You should never send a changed person back into an unchanged environment. -- Steve Kerr, former VP of Leadership Development, GE

This reflective case history addresses a paradox increasingly found in observing organizational change and development (OCD) initiatives: While organizations and the demands on them are becoming more complex, the development-focused professions serving them have become more specialized. This case history features a project that brought together over a decade of the author’s work to address this paradox and served as the catalyst for the formulation of Integrative Development (ID). It holds promise for the evolution of new ways of thinking about development, a new breed of multi-disciplinary development practitioners, and new approaches to creating coaching cultures in organizations.
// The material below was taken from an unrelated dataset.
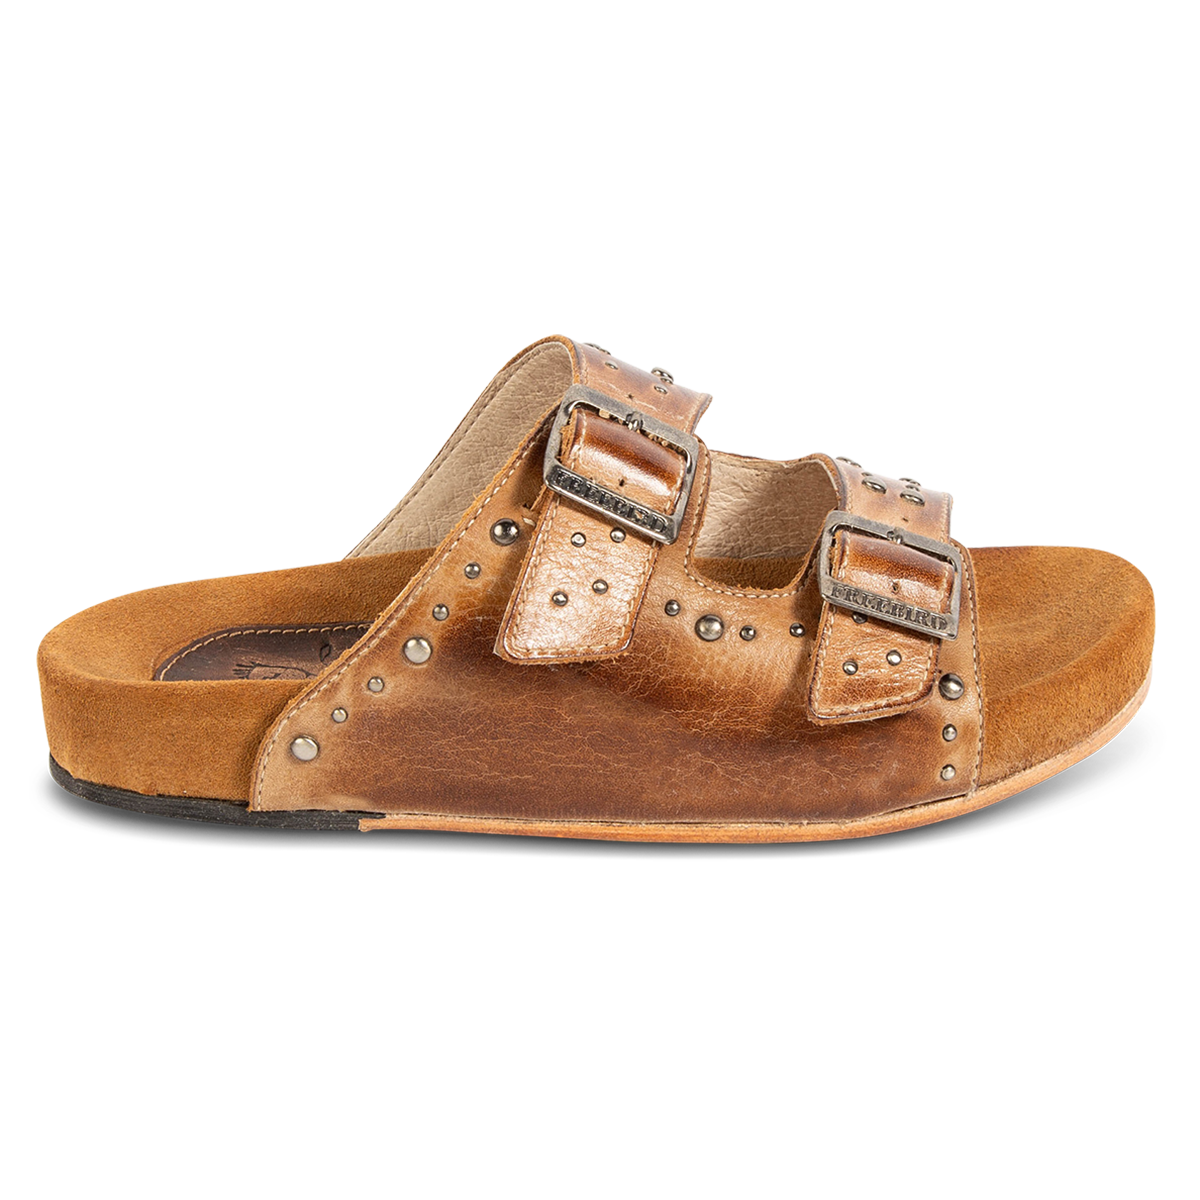 FREEBIRD women's Asher wheat leather sandal with adjustable belt buckles, a suede footbed and silver embellishments

Integrative Development offers a third way that is neither atomized (e.g., siloed initiatives) nor mechanized (e.g., top-down initiatives), but supports what can be seen as ‘structured emergence.’ It builds on the legacies of educational pioneers such as Paulo Freire (1970) and Lev Vygotsky (1962/1986) in starting with what is present and providing the appropriate scaffolding for what people individually and collectively need to learn next to be successful. This third way can be seen as democratized (e.g., integrative initiatives) in that it views development as a psychosocial process. As Penuel and Wertsch (1995), write,

Whereas many researchers have examined development as a process taking place within individuals, Vygotsky examined development as a process of transformation in individual functioning as various forms of social practice become internalized by individuals . . . A sociocultural approach considers these poles of sociocultural processes and individual functioning as interacting moments in human action, rather than static processes that exist in isolation from one another. (p. 84)

This is timely because we need to think more epigenetically about development as people in organizations and in professions struggle to keep up with the pace of change. There is an urgent need to stop sending changed people—or, worse yet, people we only imagine have changed—back into unchanged environments if we as practitioners want to make a sustainable and meaningful impact. This reflective case history includes an introduction to Integrative Development as a way to address this issue, a summary of its use in creating a coaching culture in a professional services firm, and recommendations for both organizations and practitioners. This case history demonstrates that an evidence-based practice (EBP) approach to OCD is possible and yields benefits that exceed those of more traditional siloed and top-down approaches.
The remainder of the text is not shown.